Songwriters are a collaborative group.  We like and need to write with other writers, and often, those collaborations are key to writing the most memorable songs.  Today, people like Max Martin and Taylor Swift or Justin Timberlake and Timbaland, join the list of famous co-writers who are songwriting’s bright stars: Lennon & McCartney, Goffin & King, Ashford & Simpson and Rodgers & Hammerstein.  When songwriters write songs together, we share ownership of the song.  It has long been the custom and practice in the industry that each co-writer could choose which PRO would license his or her interest in the song.  But ignoring the many legitimate reasons for this practice, the DOJ has now decided ASCAP and BMI can only license songs if they represent 100% of the work.

The DOJ’s relentless pursuit of the 100% licensing policy ignores seven decades of history.  This new licensing scheme is devastating to songwriters: it deprives songwriters of the right to control their own songs and to choose the PRO that they trust to license their songs and account to them properly.  This will mean that some songwriters will decline to write songs with people at different PROs.  Other songwriters will have to accept monies from a PRO with whom they have no relationship and no recourse if they are not treated fairly and equally with that PROs members, already a common occurrence.   

The DOJ has effectively diminished and deprived songwriters of one of the rights granted to them by the United States Constitution.  How does the DOJ have the ability to take rights away from songwriters that were granted to them by the Constitution?! 

And this is all to benefit the interests of large and powerful corporate entities while hurting individual songwriters.  Every single owner or agent of copyright told the DOJ that they had it dead wrong, and that they were creating an immense amount of chaos by eliminating the practice of letting ASCAP and BMI license the shares of songs which they control. 

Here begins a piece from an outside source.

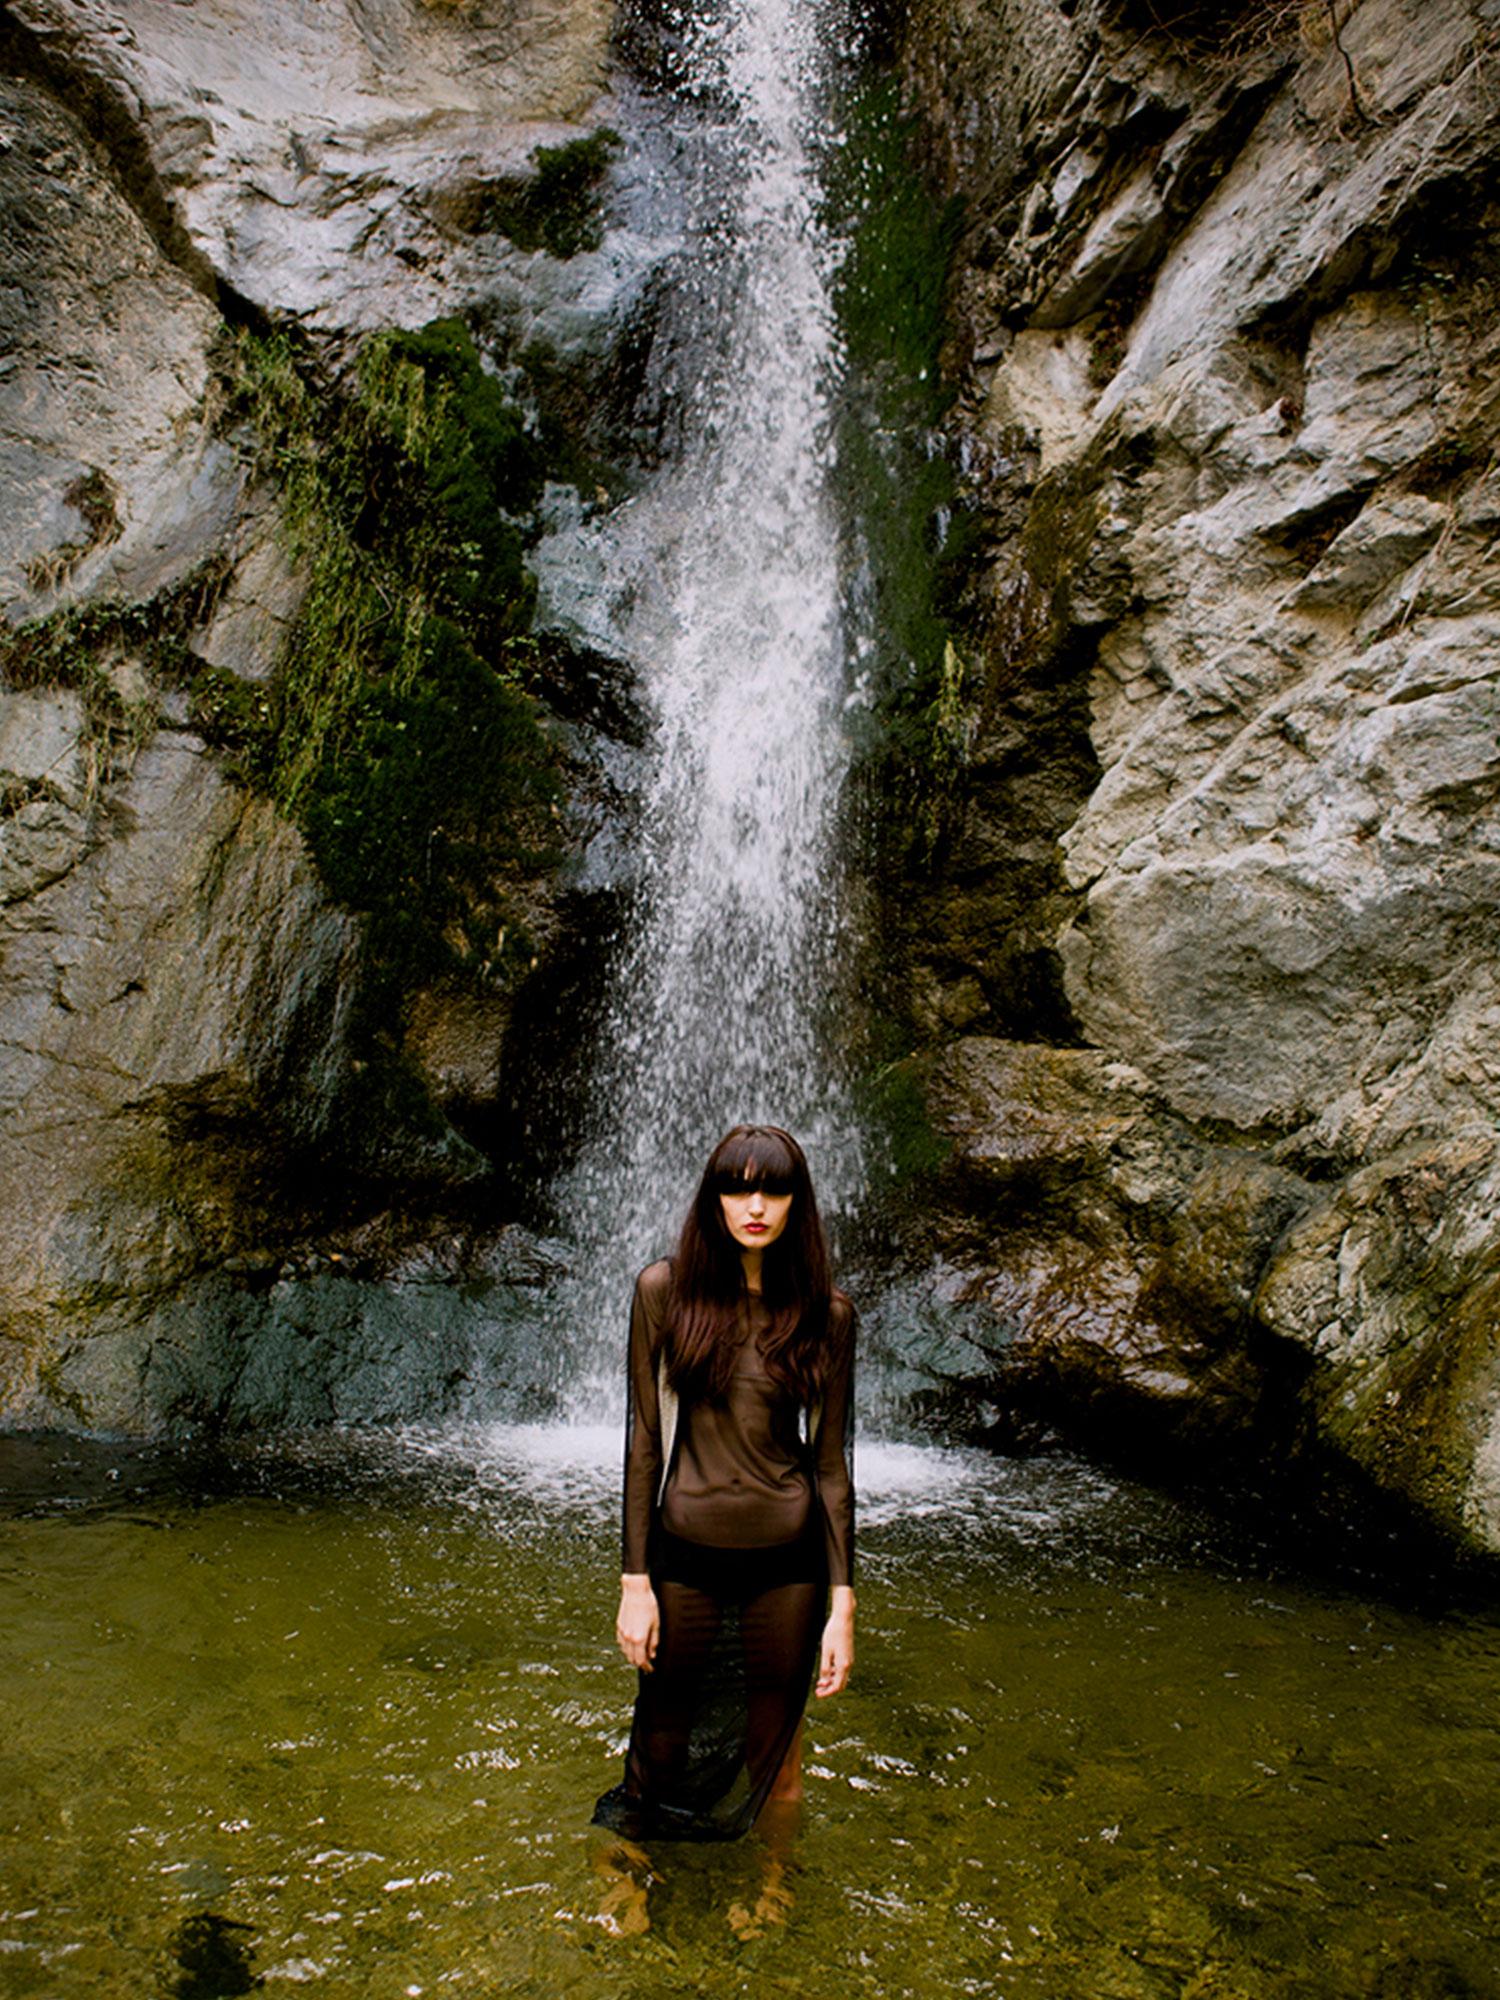 saida-staud-canyon-01.jpg

Chaos benefits no one.  Songwriters will not stand by quietly while the DOJ deprives them of rights they have been granted by the US Constitution and limits their creative collaborations. 

On July 12, in a House Judiciary Committee Oversight Hearing, Reps. Jerry Nadler (D-N.Y.), Doug Collins (R-Ga.), Judy Chu (D-Calif.) and Hakeem Jeffries (D-N.Y.) asked Attorney General Lynch about the Anti-Trust Division’s review of the Consent Decrees.  Lynch stated that the matter was not concluded and was still ongoing, despite the fact that Assistant AG Renata Hesse’s staff had indicated their interpretation of the Consent Decrees was final.  As Judiciary Committee members recommended, an independent review of Ms. Hesse’s motivation and the actions of her staff is warranted.  I hope Ms. Lynch takes that request seriously for the sake of American songwriters and culture.

Savan Kotecha is a Grammy and Golden Globe nominated songwriter and record producer from Austin, Texas.  Kotecha has co-written such hits as The Weeknd’s “Can’t Feel My Face,” and “In The Night,” Ellie Goulding’s “Love Me Like You Do,” and “On My Mind,” Usher’s “DJ Got Us Falling In Love,” Maroon 5’s “One More Night,” and One Direction’s “What Makes You Beautiful.”  The recipient of 9 BMI Awards, 13 ASCAP Awards and 2 Billboard Music Awards, Kotecha’s songs have achieved number one status all over the world having sold more than 250 million copies.